Screenshot tests are mostly used for localization testing. Your app may have dozens of supported languages, and it can be laborious to manually ensure that all strings are properly translated and displayed in each of them. As the name suggests, screenshot tests involve taking screenshots of all the different screens and states of your app in all languages. Afterwards, these screenshots are saved to appropriate folders and can be reviewed by the localization team (Doc&Loc) to make sure every string is correct in each locale.
Screenshot tests can also be used for design review, allowing UX designers to check if the final look of the app matches the mock-ups they created.
Screenshot tests are different from other autotests you might write for your app. First, in each test we are only concerned with the strings on a particular screen — we don’t need to replicate the whole process of getting to that screen from the app startup.
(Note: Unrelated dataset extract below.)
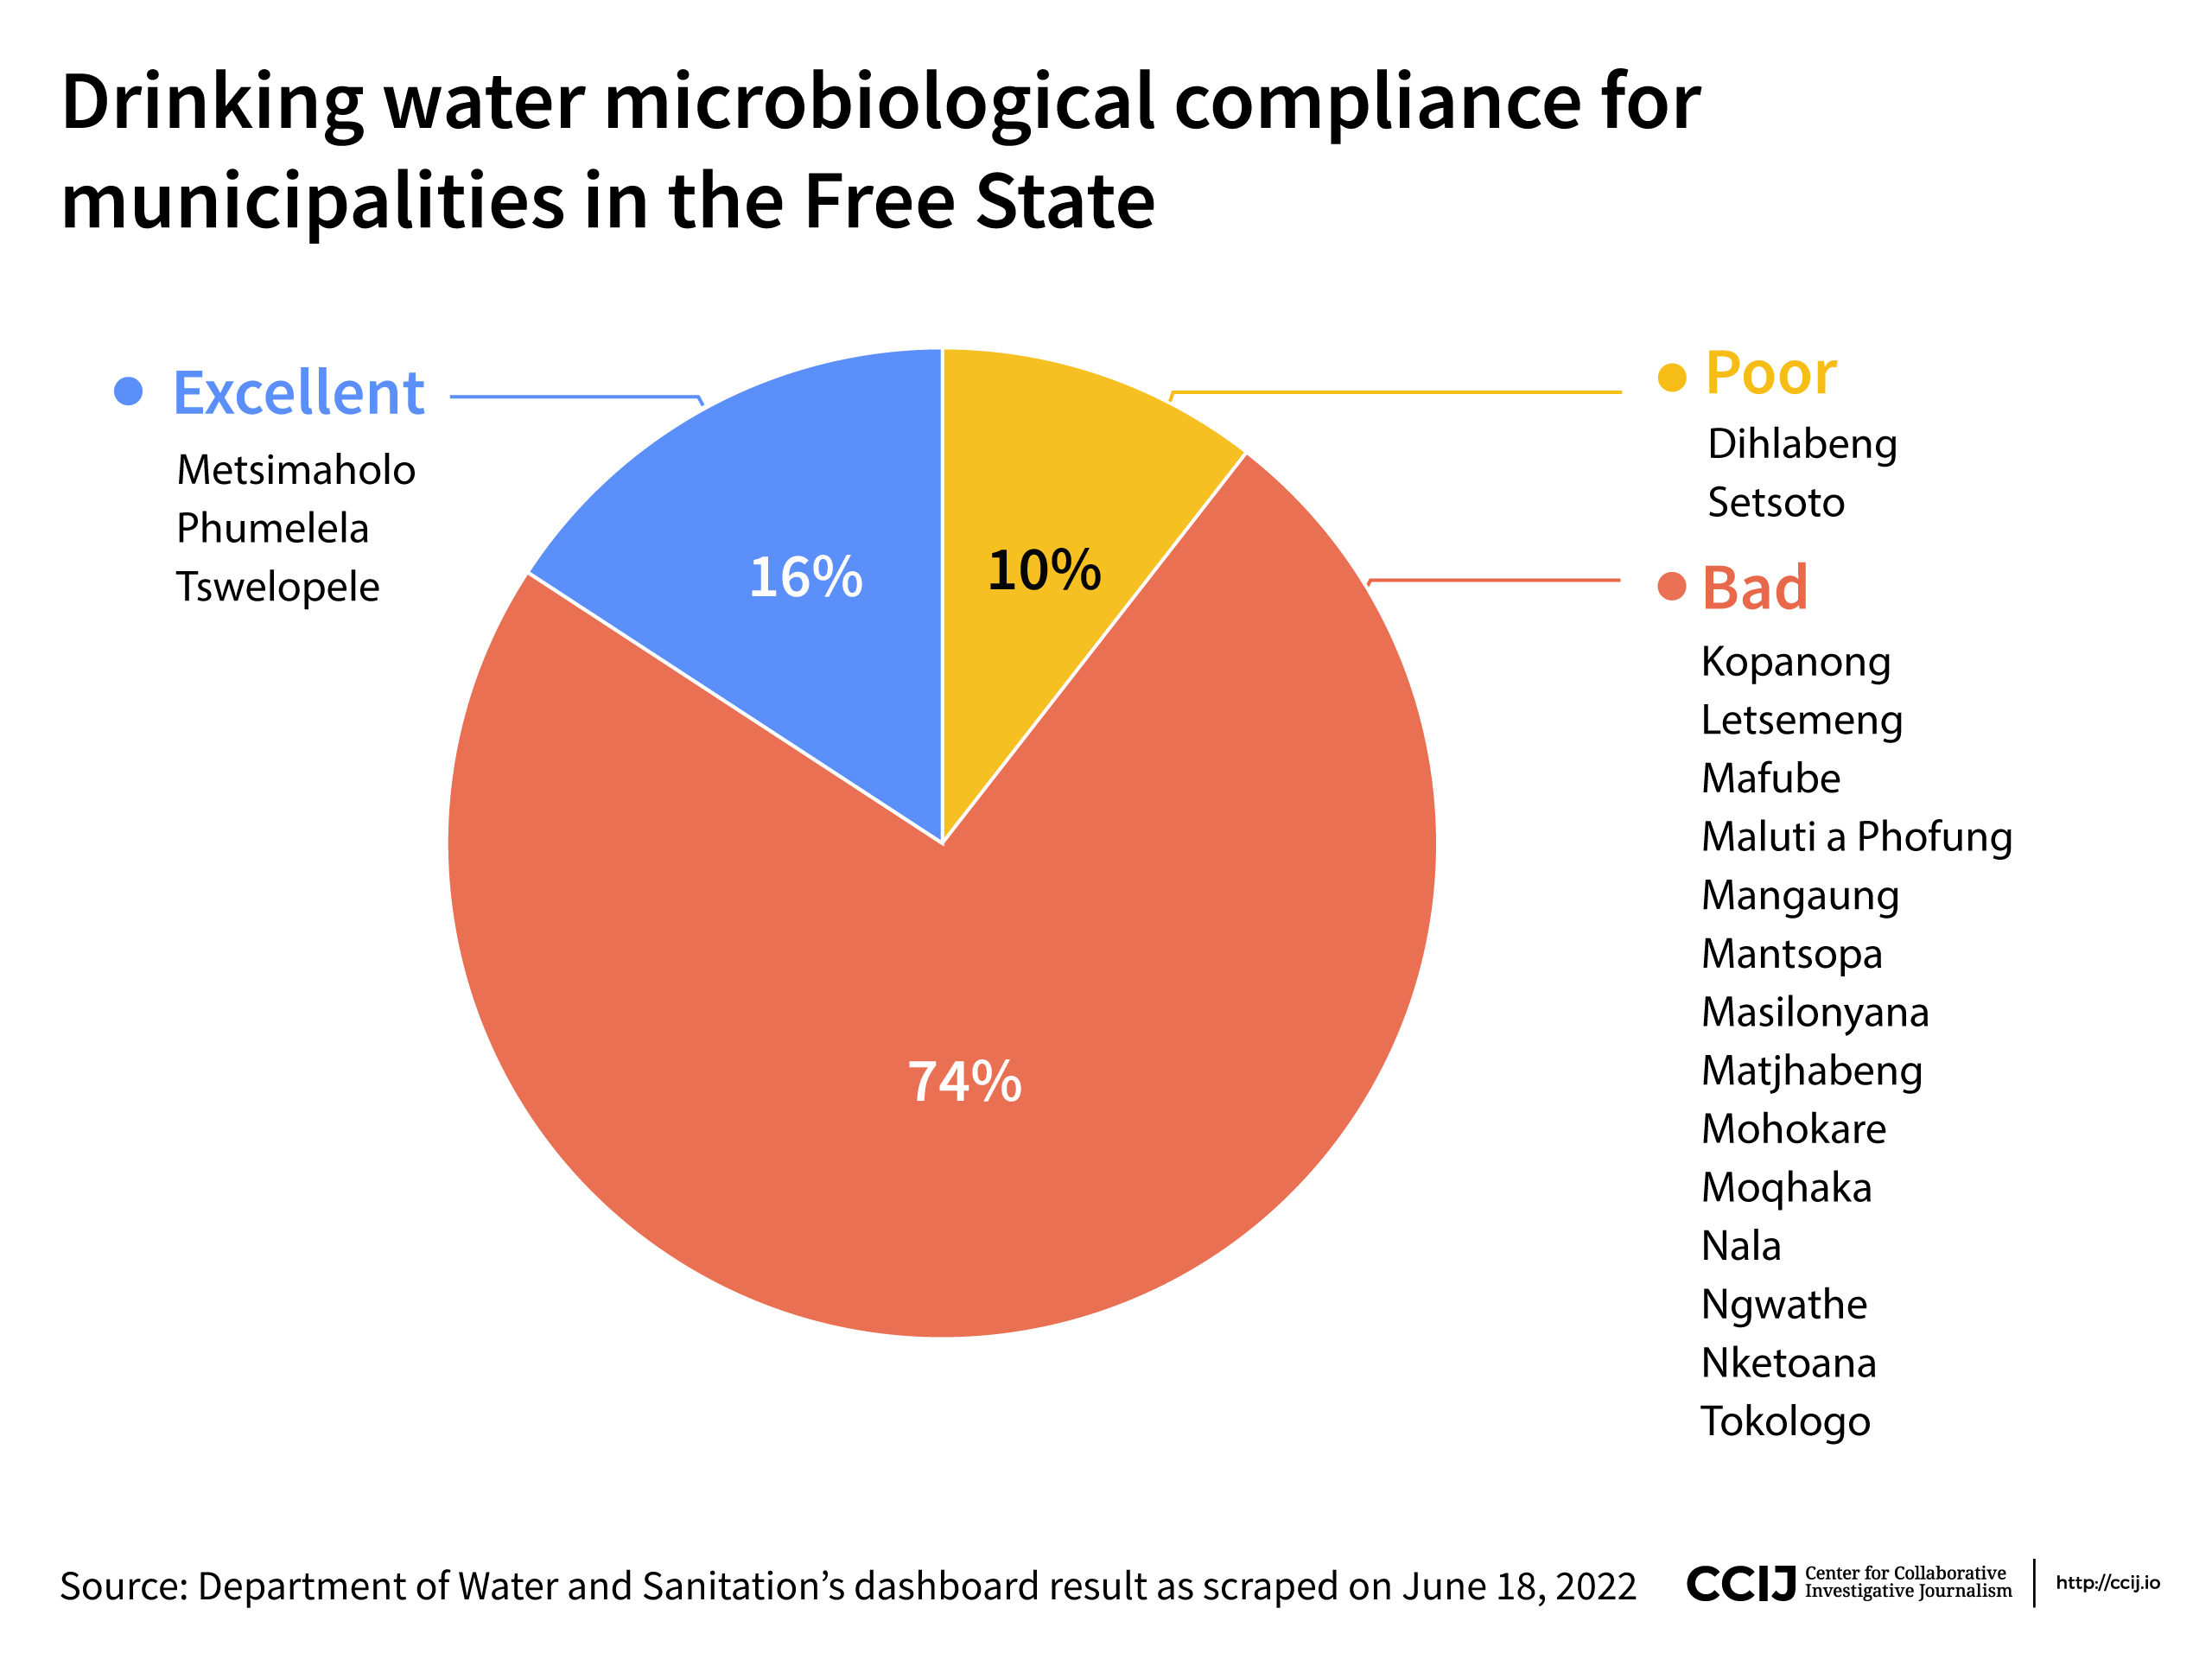 Drinking water microbiological compliance for municipalities in Free State

Instead, we want to directly open the activity or fragment we want to screenshot (although this is not always possible).
Second, we want to capture every possible state of the screen in each locale. However, we aren’t testing the app’s behavior, so checking UI elements and imitating user actions is unnecessary. Instead, all we need to do is:
1. Open the screen we’re testing
2. Set the state to test
3. Take a screenshot
4. If needed, set another state and repeat
5. Change locale and repeat steps 2–4
Let’s take a look at how you can implement this using Kaspresso library.
First, let’s create a simple screenshot test. Then we’ll go into detail about the potential pitfalls and propose a solution for an app that follows the MVVM (Model, View, ViewModel) architecture pattern.
We’re going to use an example app created to demonstrate the features of Kaspresso. In the Kaspresso project, in the ‘tutorial’ folder, there’s an example of the application code for which tests will be written. The first lesson of the tutorial will tell you how to download it. In the TECH-tutorial-results branch, you can see the final implementation of all the tutorial tests.
A simple screenshot test
Open our tutorial app and click the “Login activity” button. You will see a login screen that looks like this.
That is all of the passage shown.